The Multicentre Epilepsy Lesion Detection project (MELD) used over 1,000 patient MRI scans from 22 global epilepsy centers to develop an algorithm which provides reports of where abnormalities are in cases of drug-resistant focal cortical dysplasia (FCD) – a leading cause of epilepsy.

Around 1 percent of the world’s population have the serious neurological condition epilepsy, that is characterized by frequent seizures. While drugs treatments are available for the majority of people with epilepsy, 20 to 30 percent do not respond to medications.

The ability to detect subtle brain abnormalities which cause epileptic seizures may lead to surgical help for those who don't respond to medicine. FCDs are areas of the brain that have developed abnormally and often cause drug-resistant epilepsy. It is typically treated with surgery, however identifying the lesions from an MRI is an ongoing challenge for clinicians, as MRI scans in FCDs can look normal.

TThe team quantified cortical features from the MRI scans, such as how thick or folded the cortex/brain surface was, and used around 300,000 locations across the brain. They then trained the algorithm on examples labelled by expert radiologists as either being a healthy brain or having FCD – dependant on their patterns and features.

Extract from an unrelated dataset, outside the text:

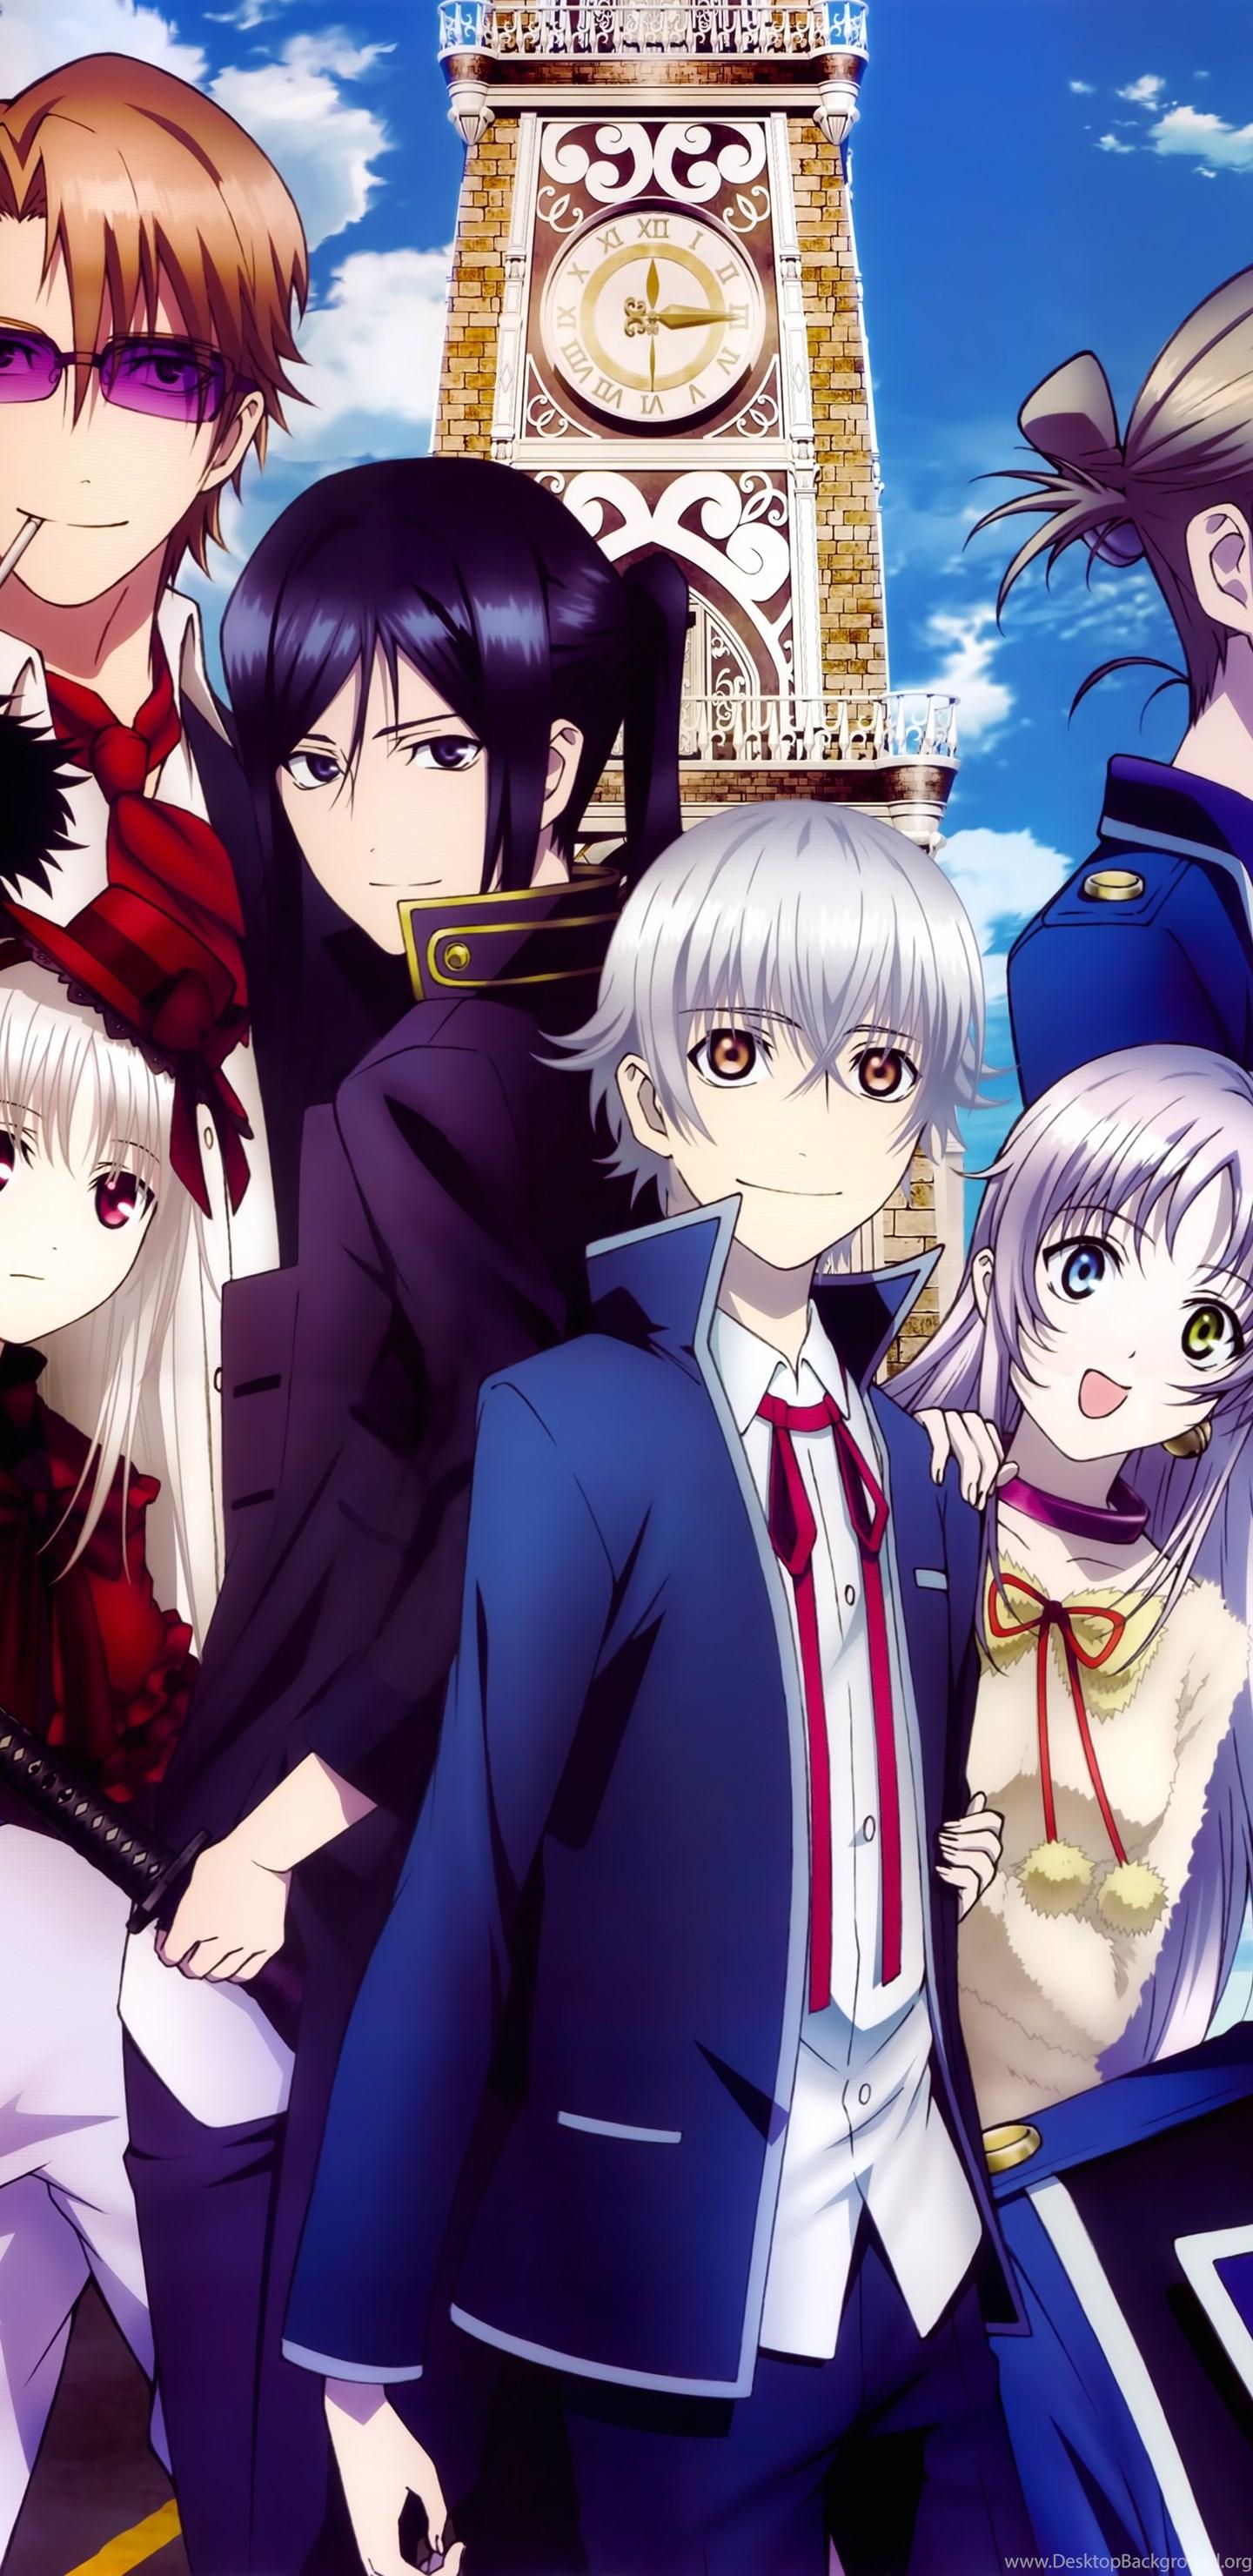 Anime Series K Project Group Friend Girls Guys Blue Sky

MELD processing pipeline. (A) Local sites extract surface-based morphological features from structural T1 and FLAIR MRI, along with manually delineated lesion masks. These were coregistered to a symmetric template surface and anonymized data matrices are shared with the MELD team. (B) Central preprocessing: the MELD team carried out outlier detection and data harmonization to minimize interscanner feature differences. (C) Morphological features underwent intrasubject, interhemispheric and intersubject normalization. (D) The full cohort was randomly subdivided 50:50 into training/validation cohorts and withheld test cohort. To avoid overfitting, all optimization experiments were carried out on the training/validation cohort prior to final testing on the test cohort and new site cohorts. (E) The neural network classifier was trained to identify lesional vertices from MRI features. Vertex-wise predictions were collected into connected clusters. (F) Classifier predictions mapped to cortical surfaces, lesional features and their relative saliency were plotted; lesional features across the cohort were analyzed.

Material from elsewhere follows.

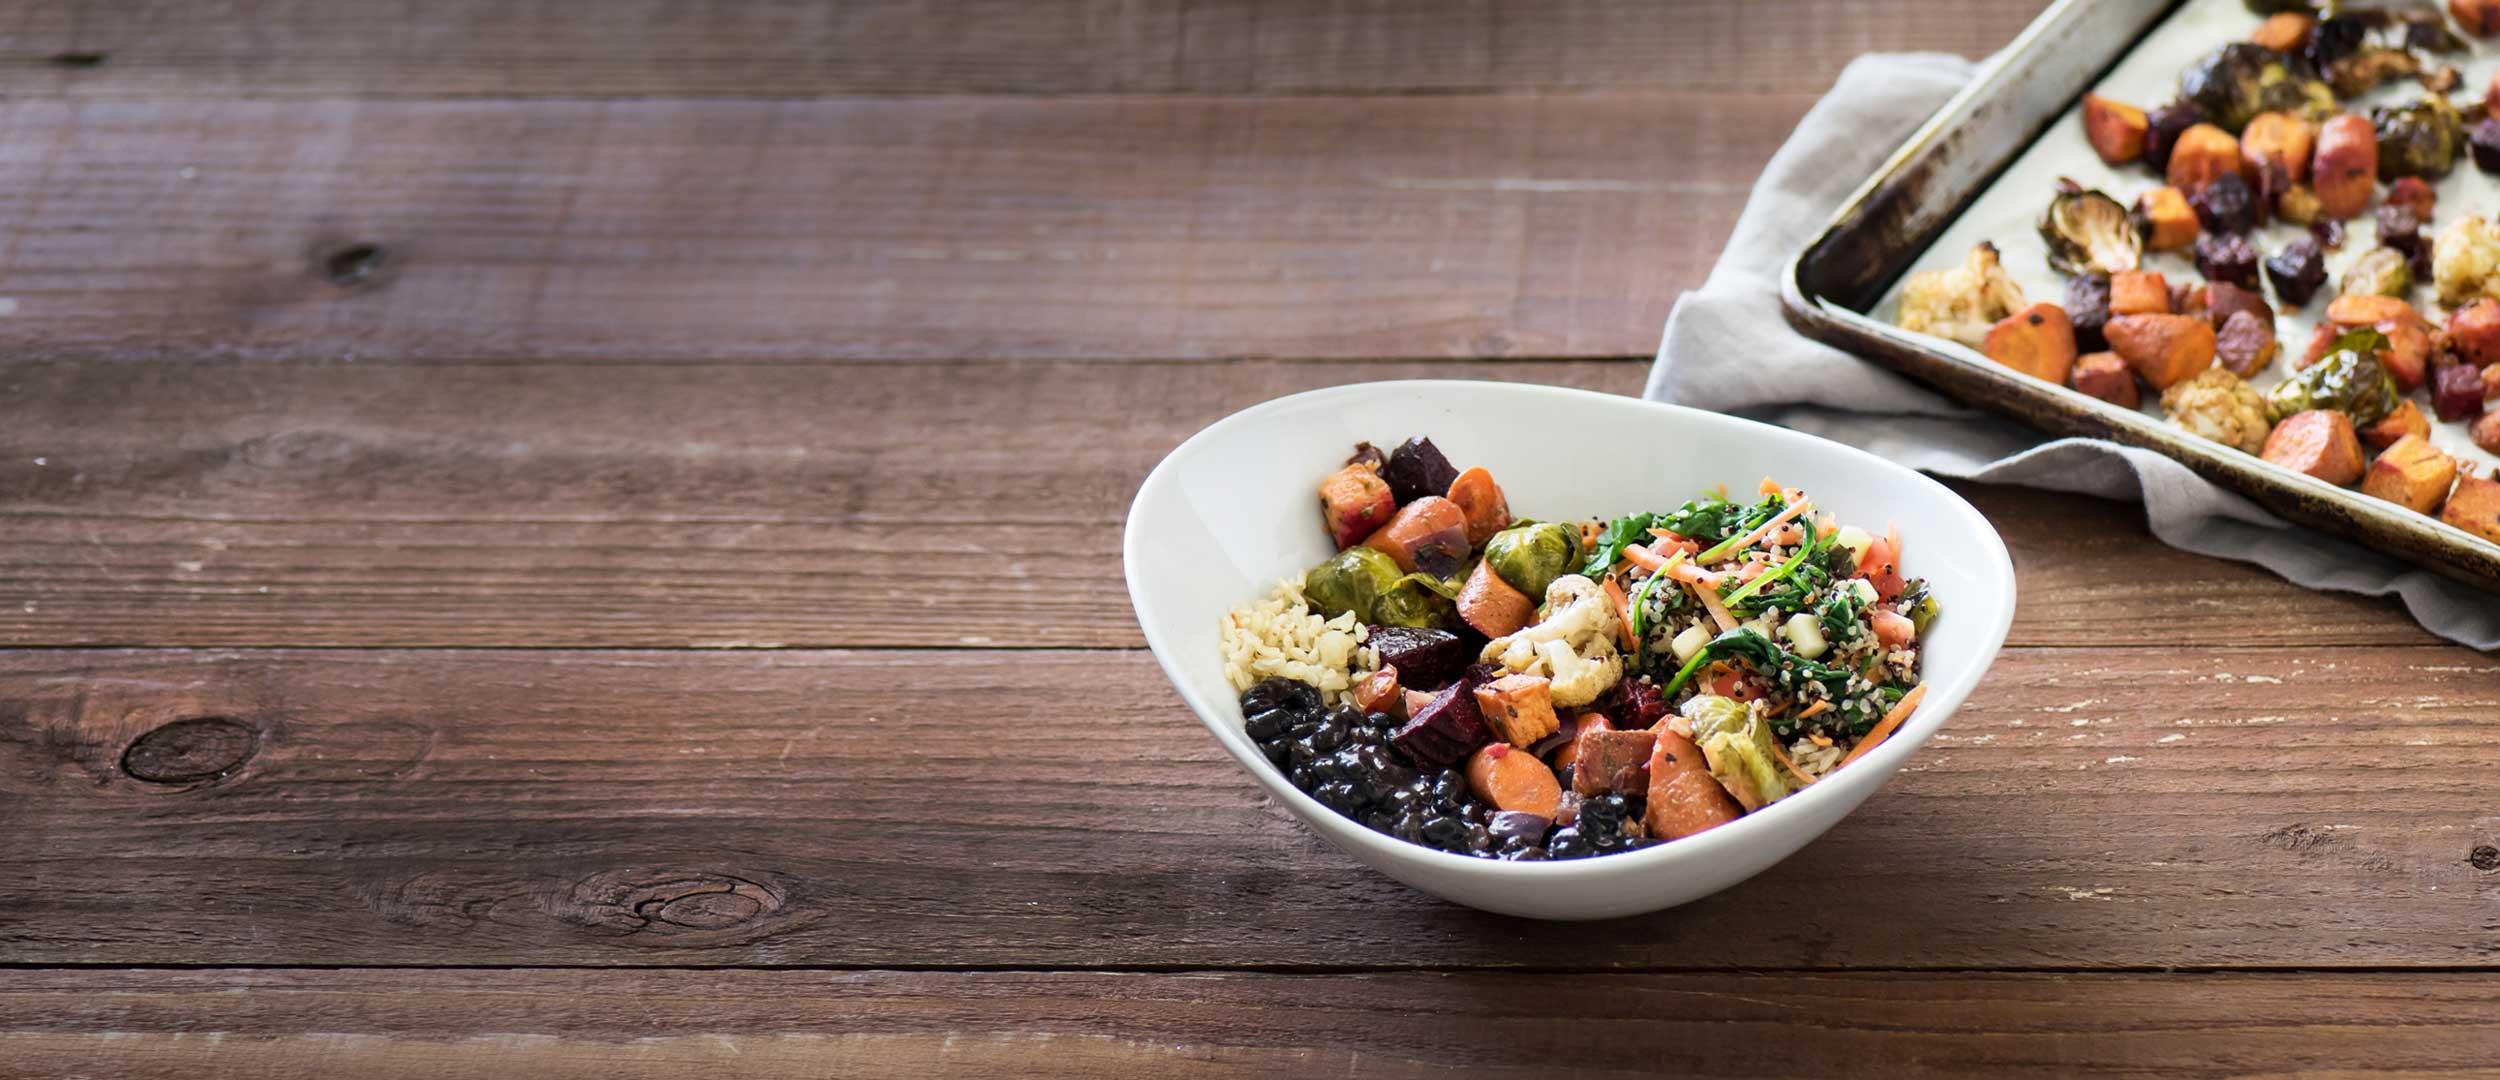 Organic Roasted Vegetable Bowl

The findings, published in Brain, found that overall the algorithm was able to detect the FCD in 67 percent of cases in the cohort (538 participants). Yet 178 of the participants had been considered MRI negative, which means that radiologists had been unable to find the abnormality. The MELD algorithm was able to identify the FCD in 63 percent of those cases.

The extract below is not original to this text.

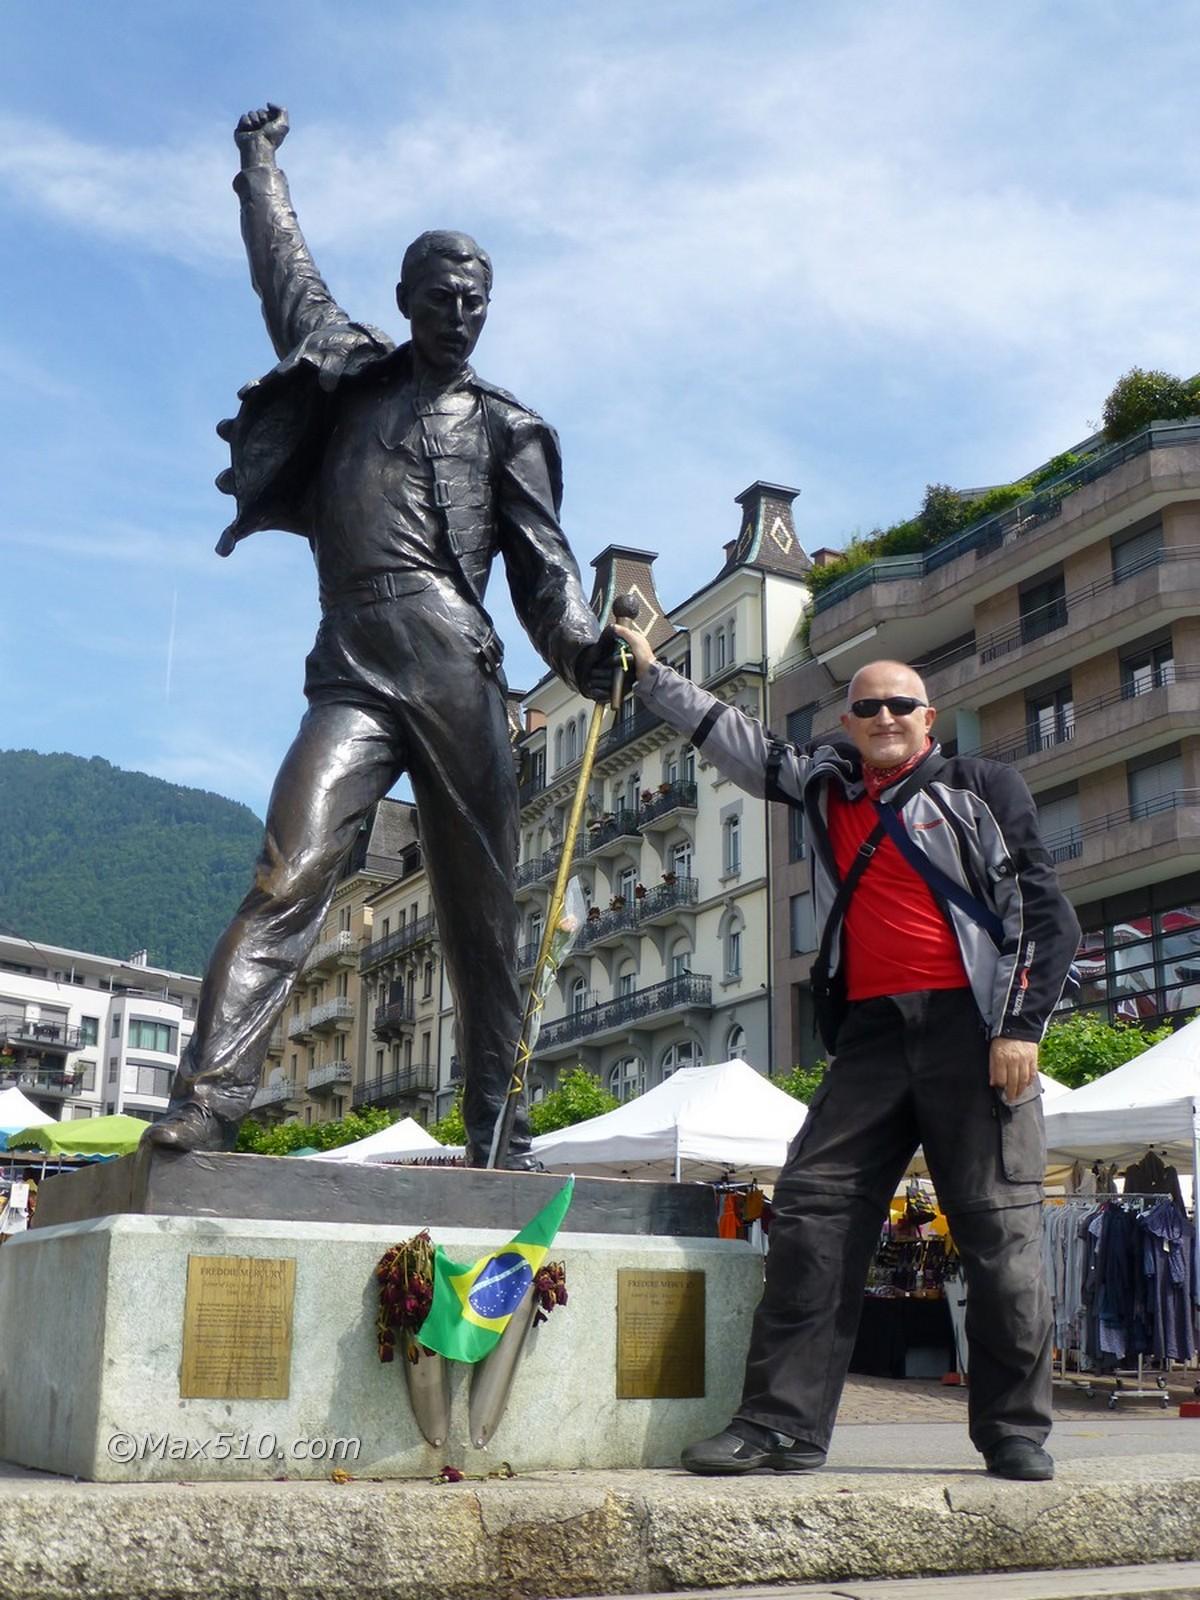 Da San Bernardo A Freddie Via Chillon Max510 S Blog

If doctors can find the abnormality in the brain scan, then surgery to remove it can provide a cure. In children who have had surgery to control their epilepsy, FCD is the most common cause, and in adults it is the third most common cause. Additionally, of patients who have epilepsy that have an abnormality in the brain that cannot be found on MRI scans, FCD is the most common cause.

The MELD FCD classifier tool can be run on any patient with a suspicion of having an FCD who is over the age of 3 years and has an MRI scan.